__Data extract__.
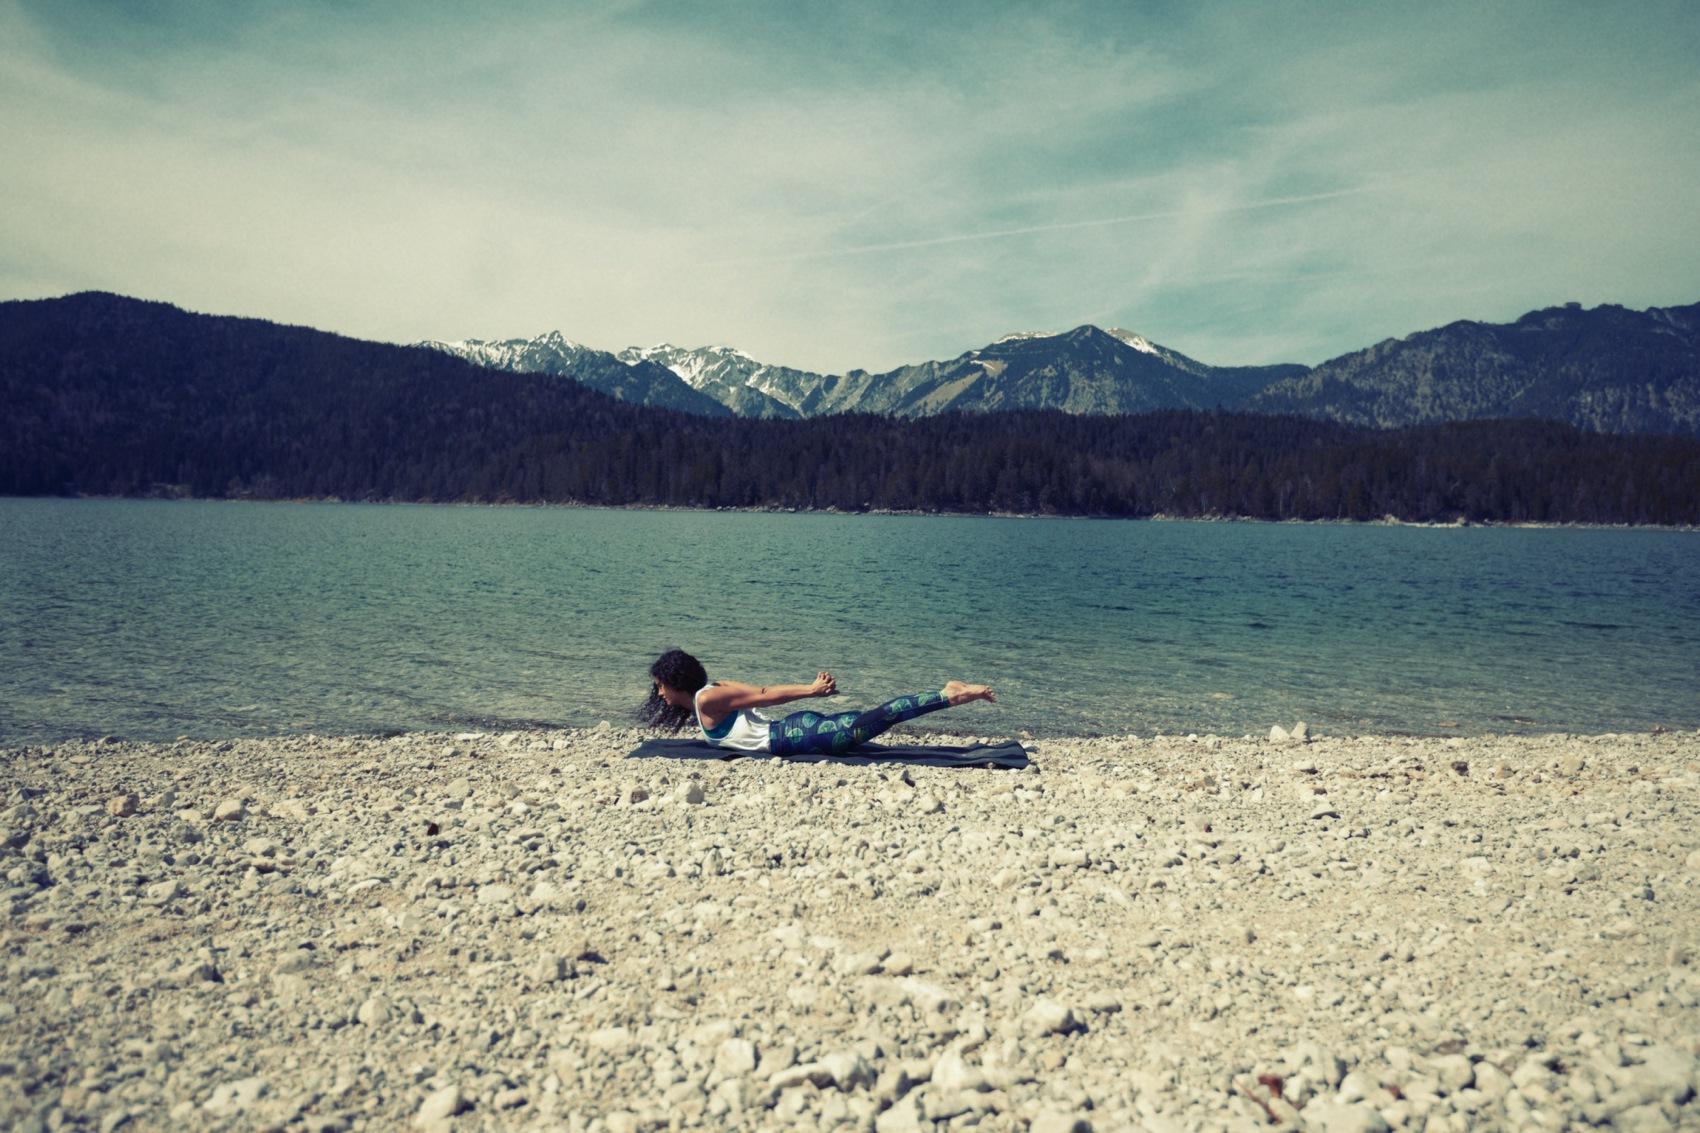 Yoga-for-Surfers-7-Shalabasana-Full-Locust-Pose-Conny-Marshaus-Anna-Kathalina-Langer
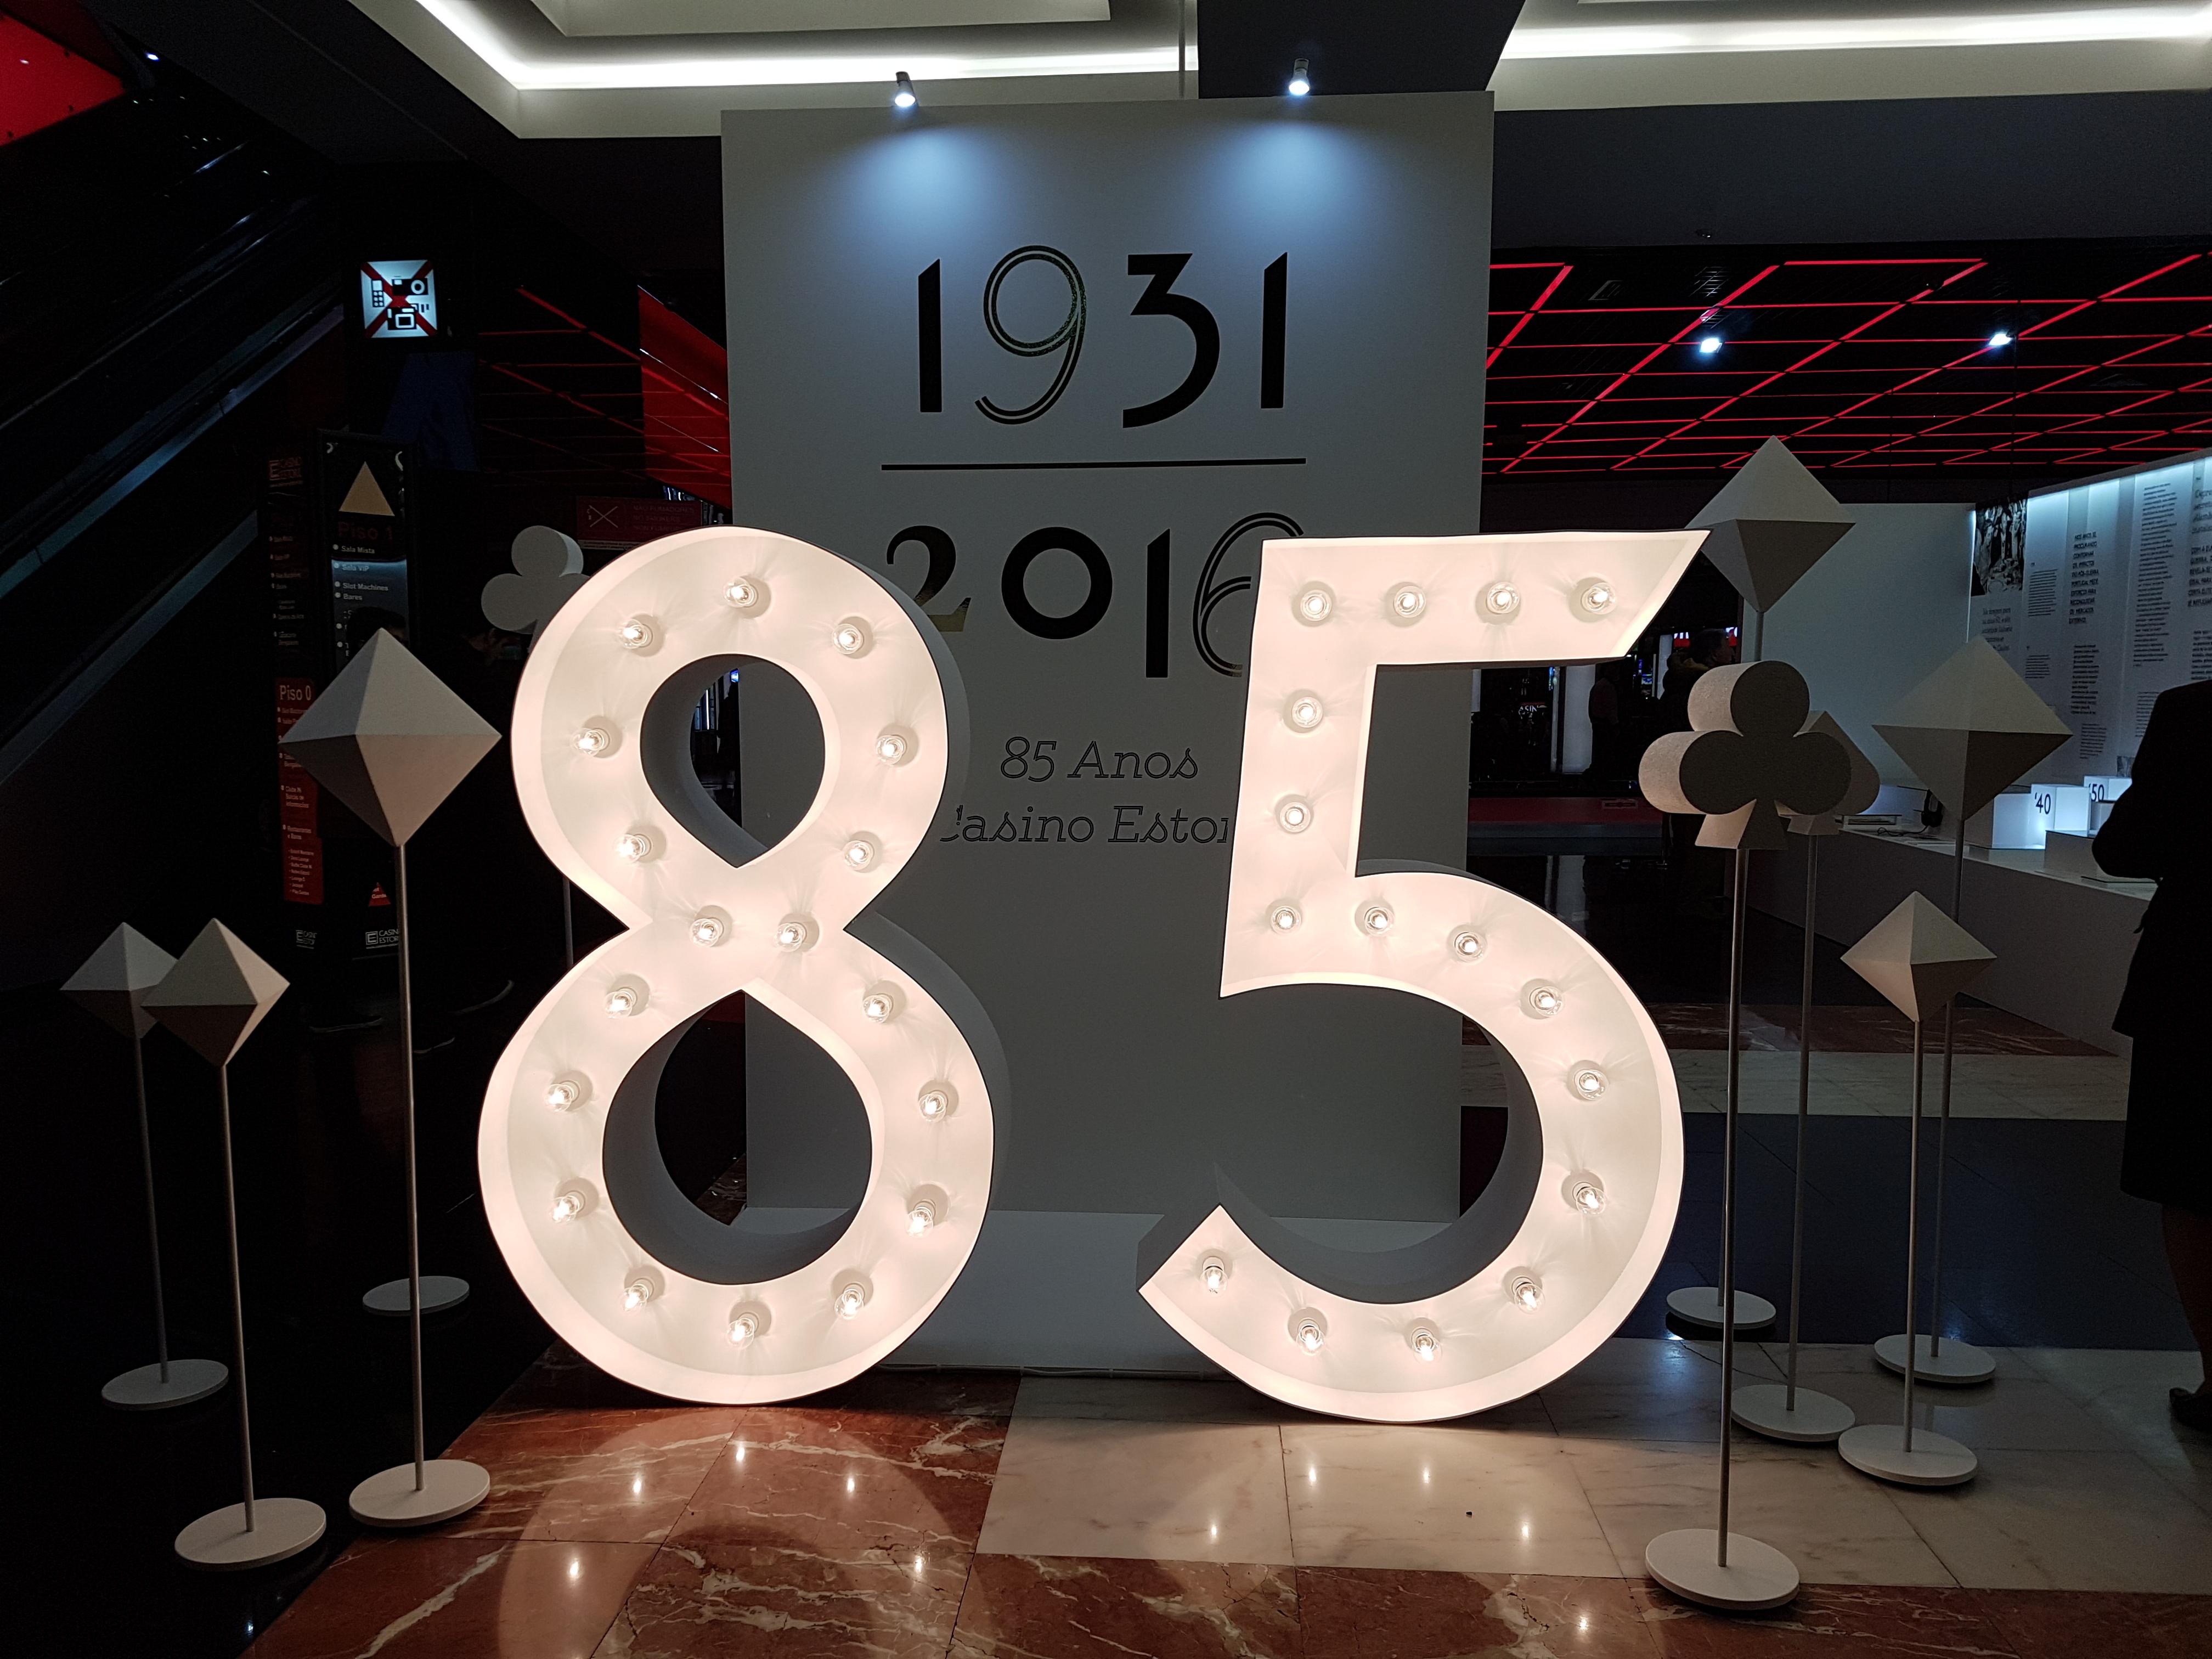 20161126_193716
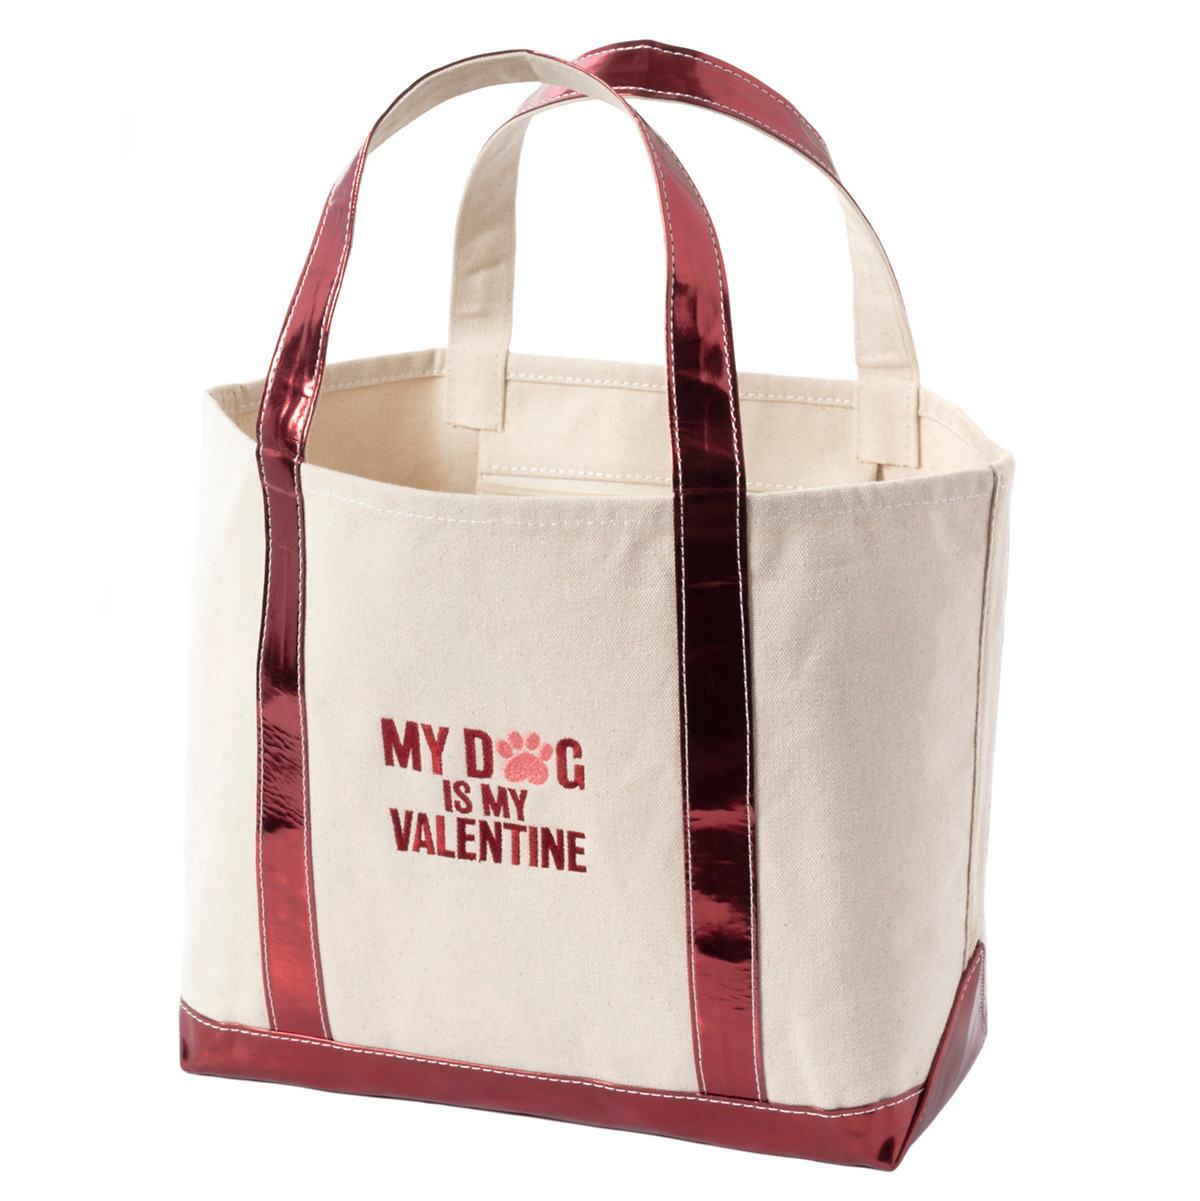 Valentine Glam Canvas Natural/Cranberry Tote Bag

__Exercise goal__. Take the whole listing above and copy it exactly. Pictures do not go into the copy.

__Problem solution__.
 Yoga-for-Surfers-7-Shalabasana-Full-Locust-Pose-Conny-Marshaus-Anna-Kathalina-Langer
 20161126_193716
 Valentine Glam Canvas Natural/Cranberry Tote Bag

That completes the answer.